Start playing around!

  • If you want to get some datasets into your system, turn the connectors tag to true in values.yaml and re-run terraform apply -auto-approve. A connector job will be created and start pulling datasets from data.gov.au... or you can modify connectors: in values.yaml to pull in datasets from somewhere else.
  • In the Google Cloud console, go to Kubernetes Engine / Clusters and click the "Connect" button, then use the kubectl command (should be installed along with the Google Cloud command line) to look at your new Magda cluster.

Google Kubernetes Engine Connect Button

Use kubectl get pods to see all of the running containers and kubectl logs -f <container name> to tail the logs of one.

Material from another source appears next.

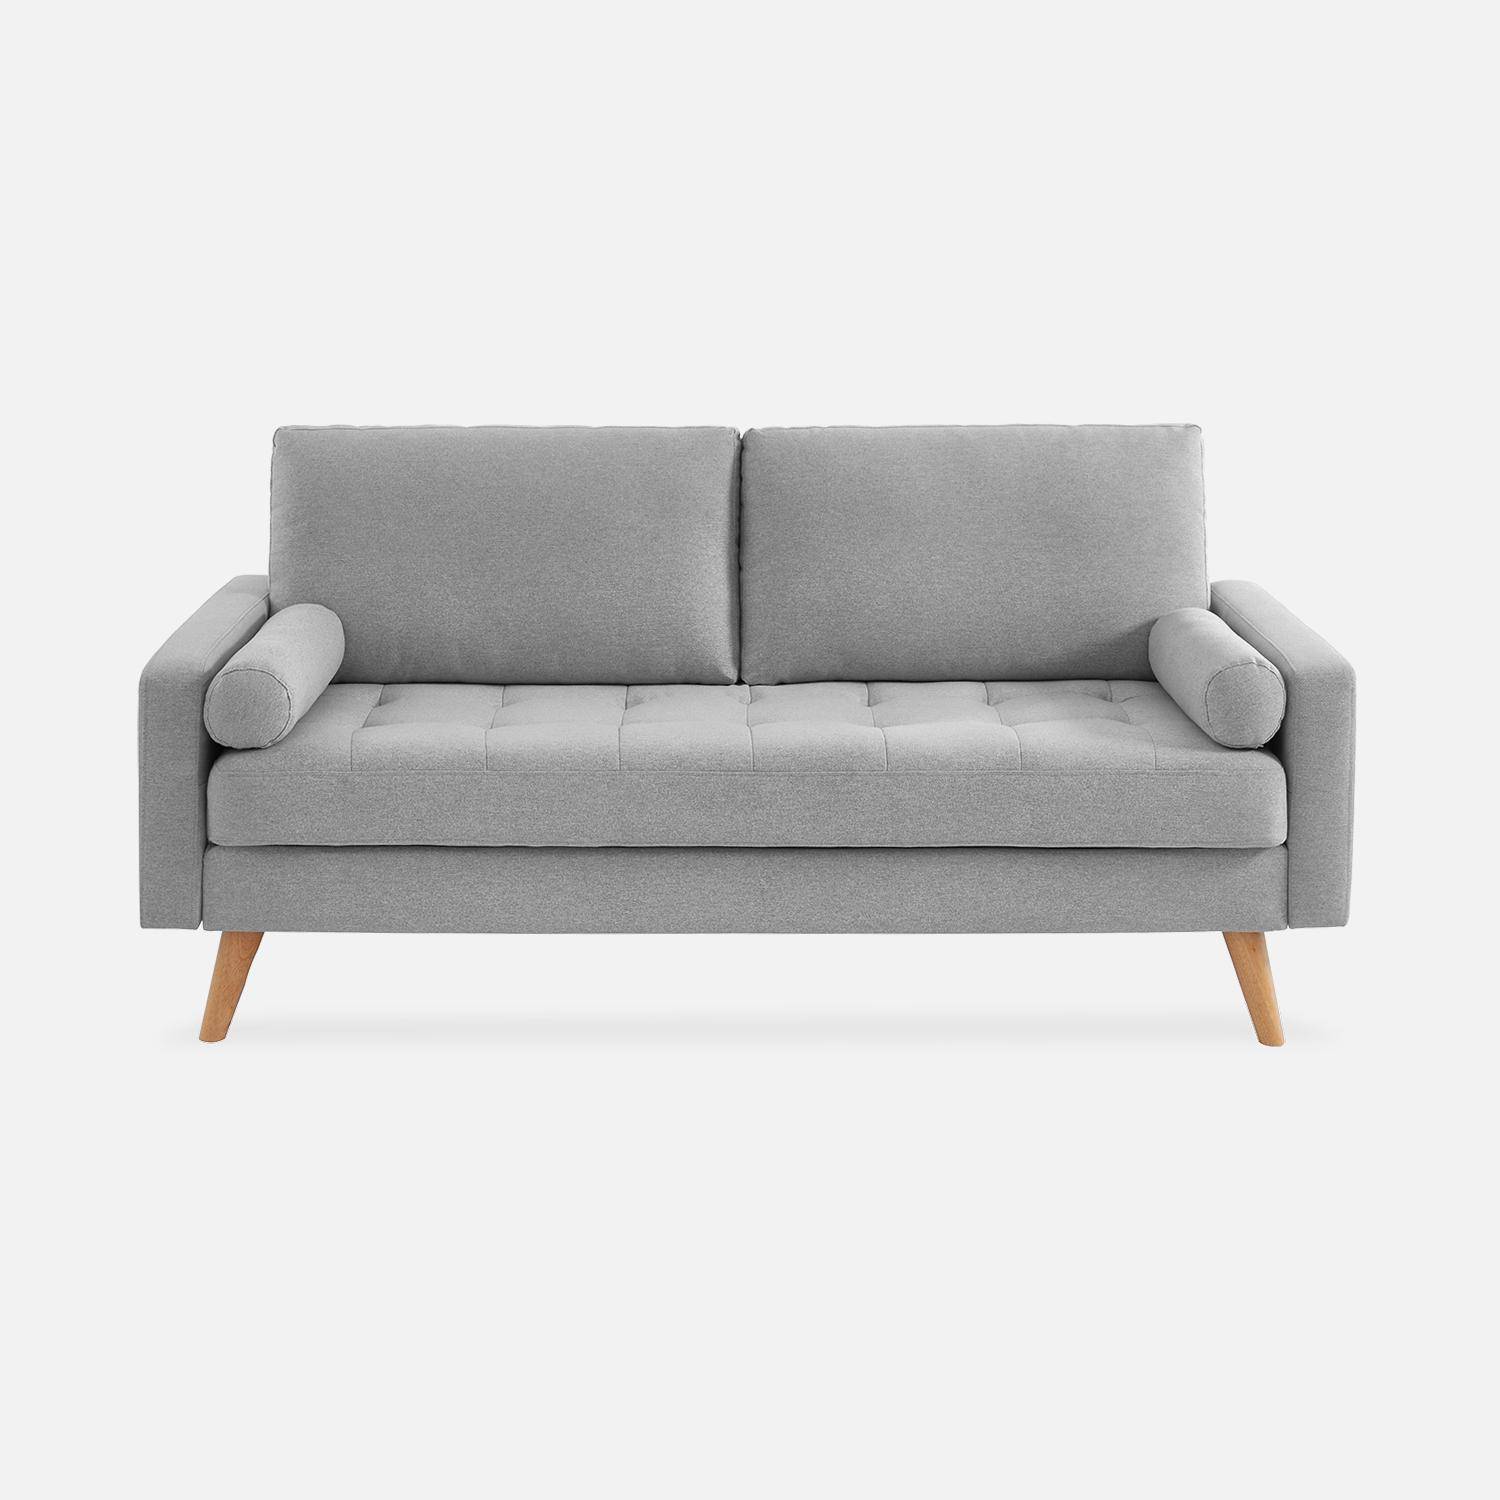 Canapé en tissu gris clair, 3 places scandinave fixe, droit, pieds bois  Photo4

You can also use kubectl port-forward combined-db-0 5432 to open a tunnel to the database, and use psql, PgAdmin or equivalent to investigate the database - you can find the password in terraform.tfstate.

  • Sign up for an API key on Facebook or Google, and put your client secret in terraform.tfvars and your client id in values.yaml to enable signing in via OAuth.
  • Configure an SMTP server in terraform.tfvars and values.yaml and switch the correspondence flag to true in order to be able to send emails from the app.
  • Set scssVars in values.yaml to change the colours
  • Ask us questions on https://spectrum.chat/magda
  • Send us an email at contact@magda.io to tell us about your new Magda server.

FAQ

How do I make myself an admin?

This is harder than it should be at this point.

  1. Use kubectl port-forward combined-db-0 5432 -n <your-namespace> to get a connection to the database
  2. Get your db password out of the db-passwords secret - in bash you can use
kubectl get secrets db-passwords -o yaml -n <your namespace> | grep authorization-db: | awk '{print $2}' | base64 -D

or you can just use kubectl get secrets db-passwords -o yaml -n <your namespace> to get the secret then base64 decode it to get the password. 3. Use acs-cmd to set / unset a user as an admin

Where's the admin UI?

After login as an Admin user, you will see the Admin button on your account details page.

How do I authorise API access?

Please refer to How to create API key doc for more information of accessing APIs with an API key.

How do I add a new dataset

After login as an admin user, you will see a button for creating a new dataset on Home Page.

Troubleshooting

  • If something goes wrong, often you can fix it by just running terraform apply again.
  • If that fails, and you've got up to the helm release stage, you can try deleting the helm release by running:
terraform taint helm_release.magda_helm_release
terraform taint kubernetes_secret.auth_secrets
terraform taint kubernetes_secret.db_passwords
terraform taint kubernetes_namespace.magda_namespace
terraform taint kubernetes_namespace.magda_openfaas_namespace
terraform taint kubernetes_namespace.magda_openfaas_fn_namespace

And then terraform apply again. Note that this will probably destroy any data you've entered so far.

  • If that fails, you can start the entire process from scratch by running terraform destroy and re-running terraform apply. This will definitely destroy any data you've entered so far.